Chart 6: Debt to GDP outlook (Source: National Treasury)
The Treasury also delivered an update on the two-pot retirement reform. Effective 1 September 2024, retirement contributions will be split one-third “savings pot” and two-thirds “retirement pot”. Members will be able to access their saving pot once year. Drawdowns will be taxed at your marginal rate. VAT and income taxes remain unchanged. Sin taxes on alcohol and tobacco rose between 6.7% and 7.2%, and between 4.7% and 8.2% respectively.
Commentary from our Chief Investment Officer, Duane Gilbert’s
Our market outlook for HY1 2024 is more bullish than it was in 2023. Falling inflation will give the Federal Reserve scope to cut interest rates, which will be supportive of equity markets (and bond markets to a lesser degree).
However, we should not forget that the recent interest rate hiking cycle was the most aggressive in 40 years, at a time where growth was already fragile. It is likely that the US will experience a mild recession by mid-year. A recession is also likely in Europe, and China seems likely to continue on its low growth trajectory in the absence of a meaningful stimulus package from the government.

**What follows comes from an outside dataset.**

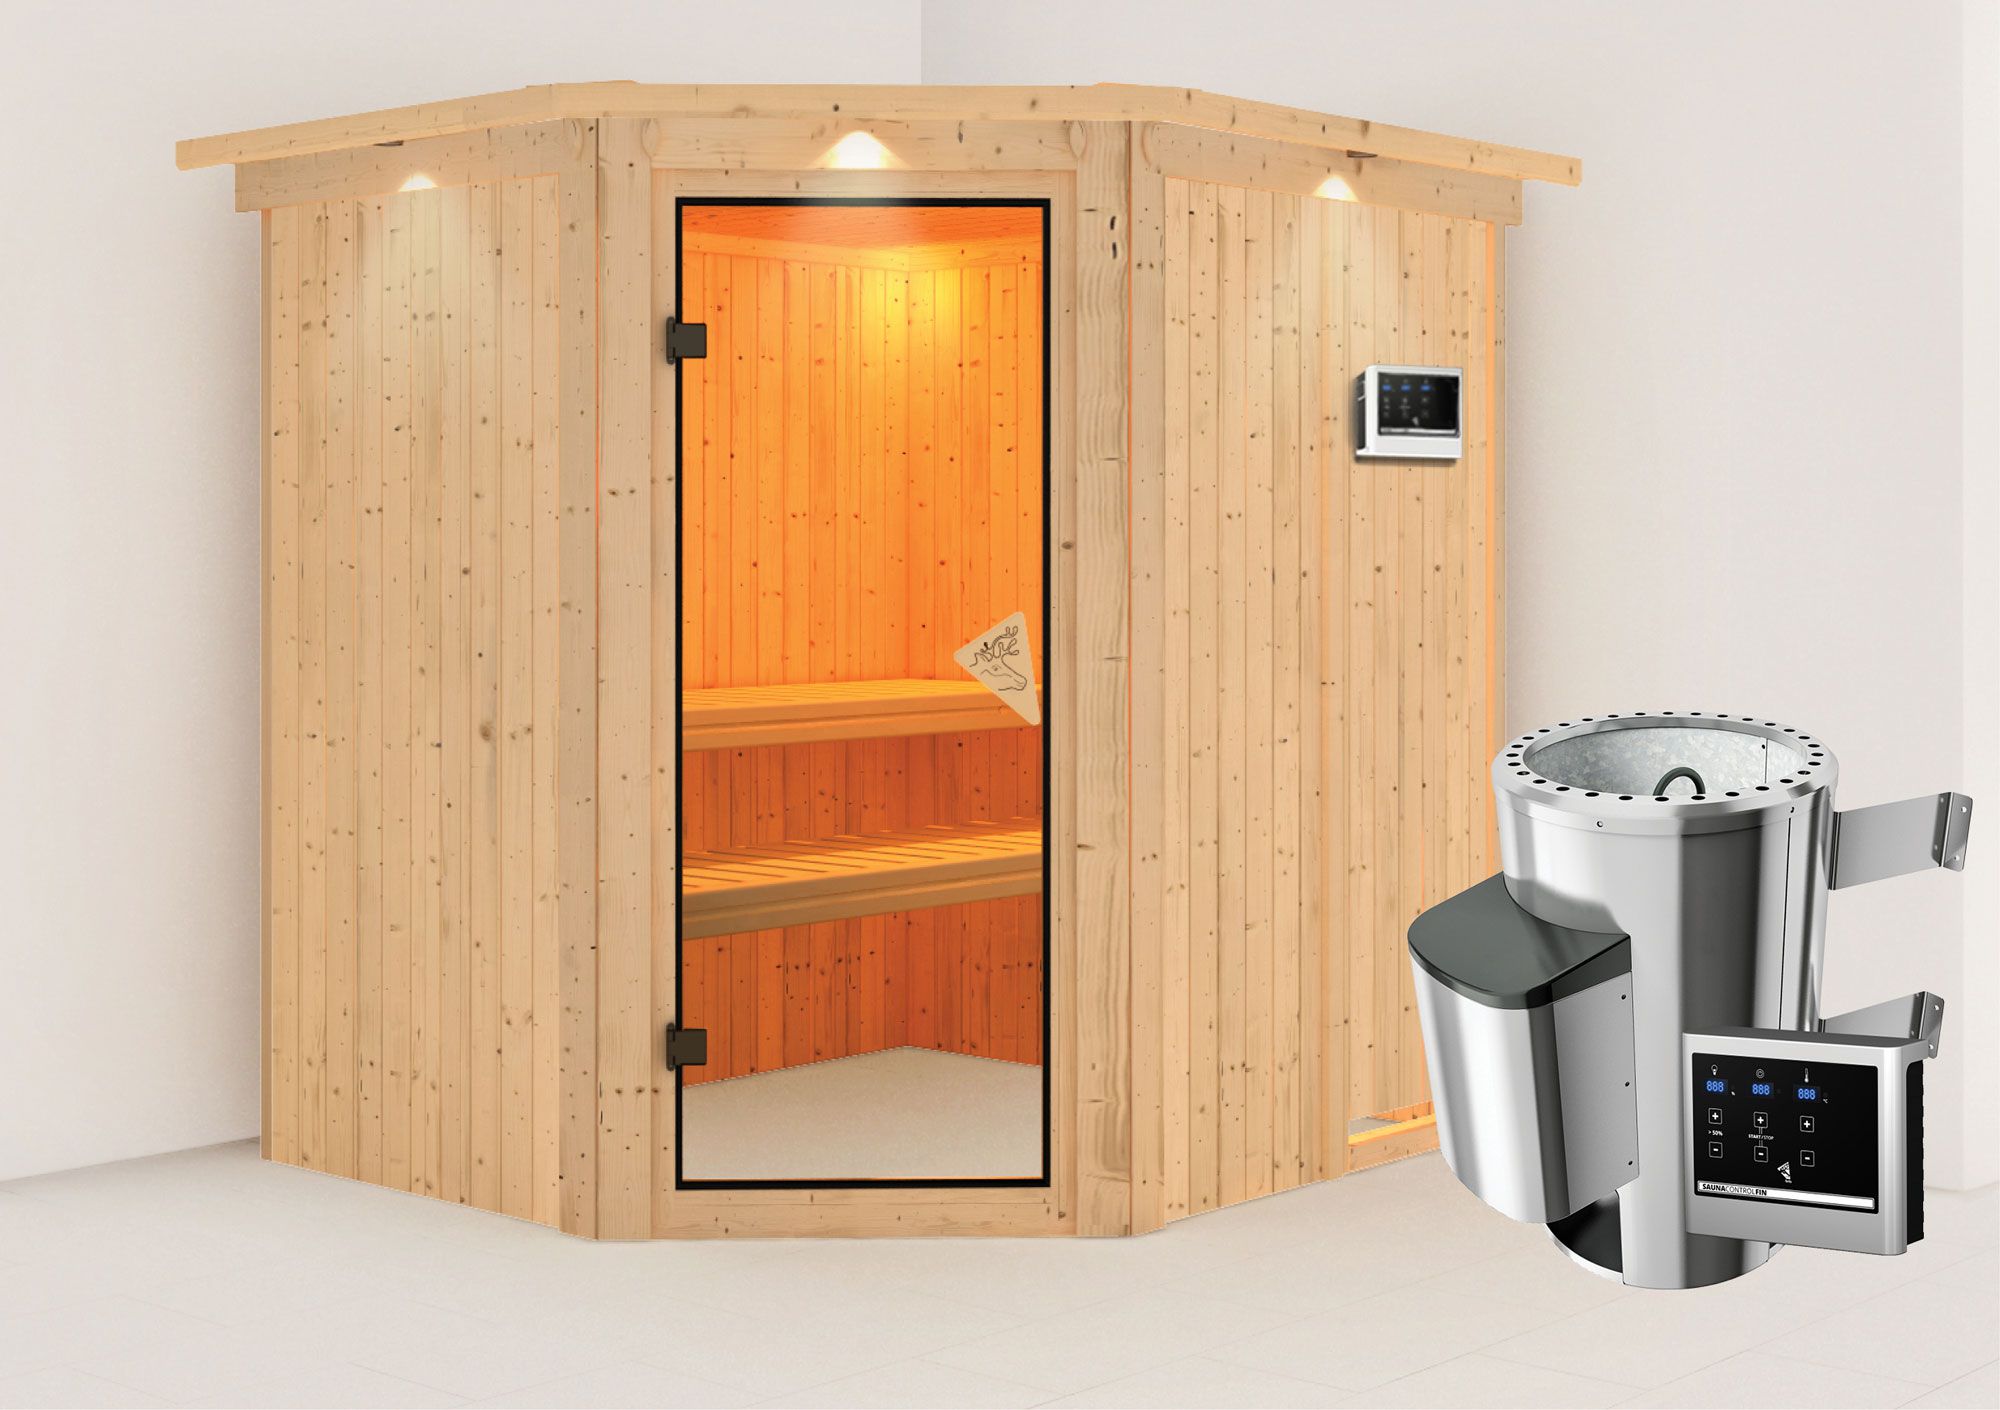 Sauna "Askjell" SET met bronskleurige deur en rand - kleur: naturel, kachel externe regeling eenvoudig 3,6 kW - 210 x 184 x 202 cm (B x D x H)
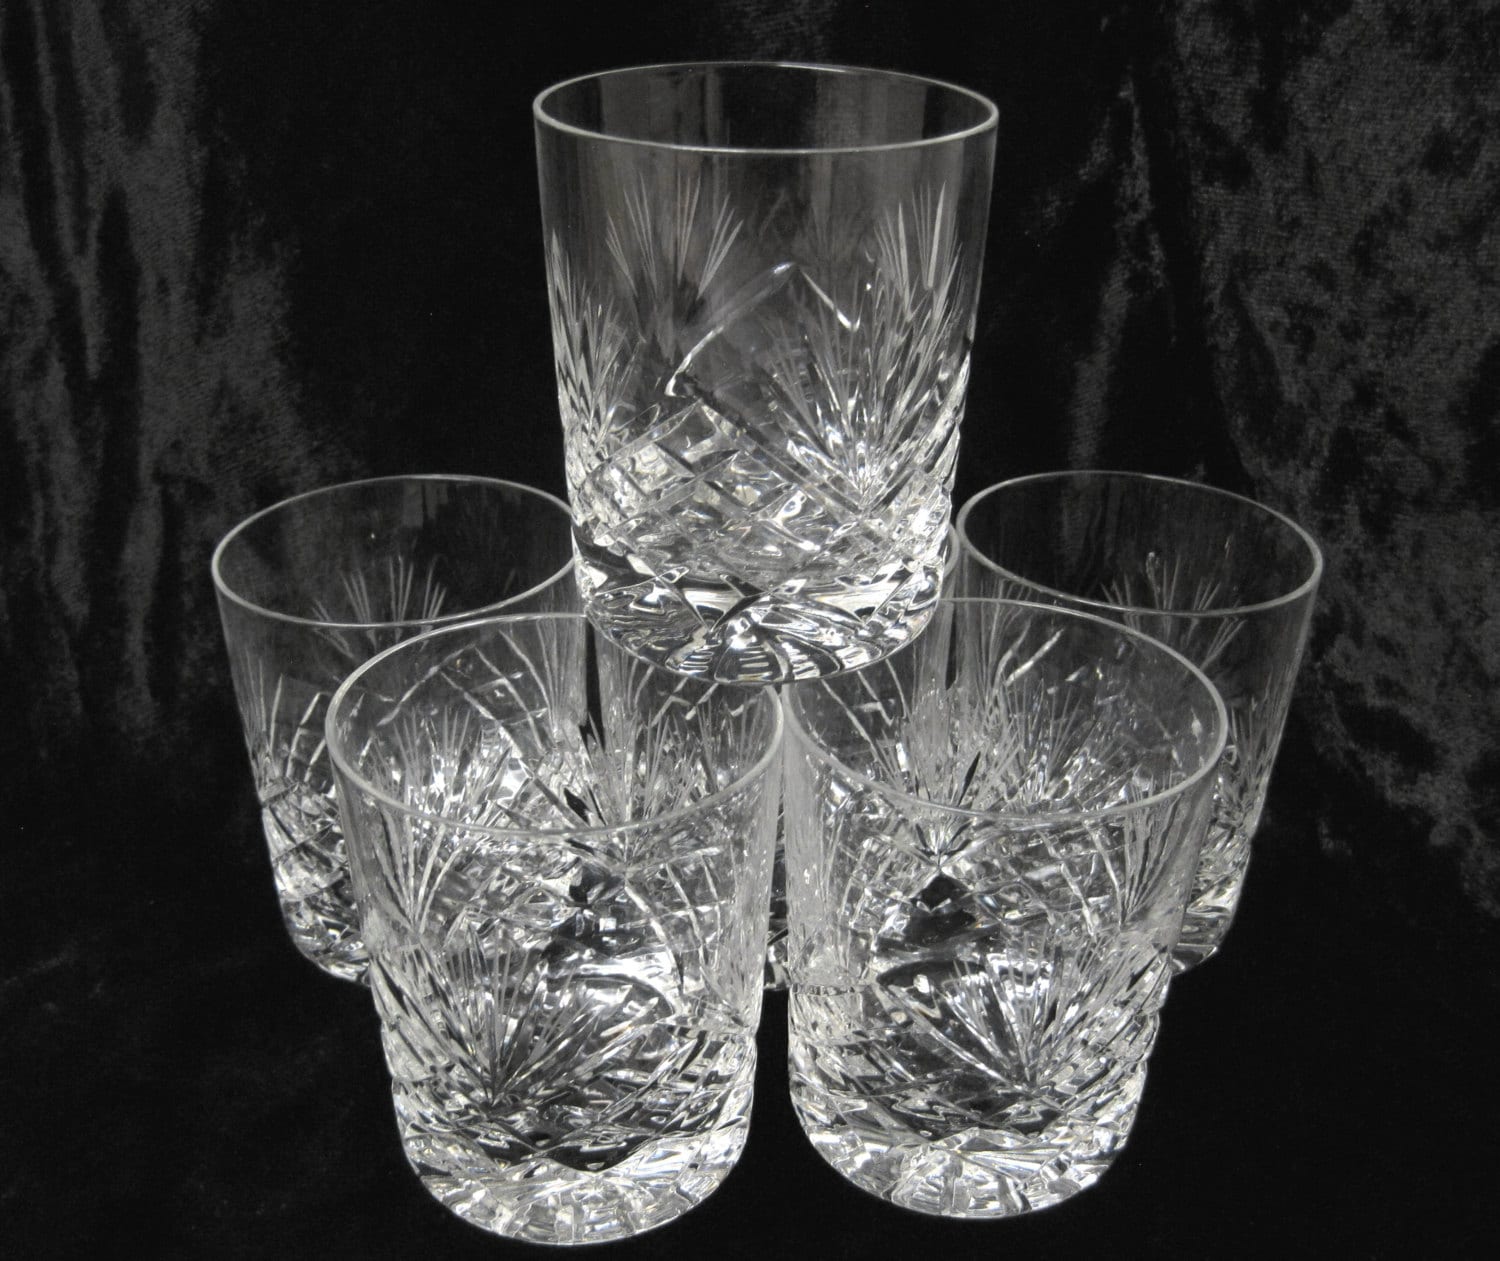 6 Vintage Cut Lead Crystal 6oz Whisky Glasses Scotch Glasses

As a result, we remain conservatively positioned in our portfolios, but with a tactical overweight to defensive US equities. We have a high allocation to global bonds which provide a strong hedge during a recession. South African equities are particularly cheap but vulnerable to a global sell-off. One needs to carefully pick companies that can grow their earnings in a low growth environment. Our portfolios have a high allocation to SA Bonds (where longer-dated instruments are still offering double-digit yields) and exposure to commodity backed loans. We also hold a lot of cash in our portfolios. We prefer USD over ZAR. The weakness we saw in 2023 despite a supportive global backdrop is testament to how fragile the ZAR is. Our large cash position gives us the dry powder we need to take advantage of bargains that may arise from a market sell-off.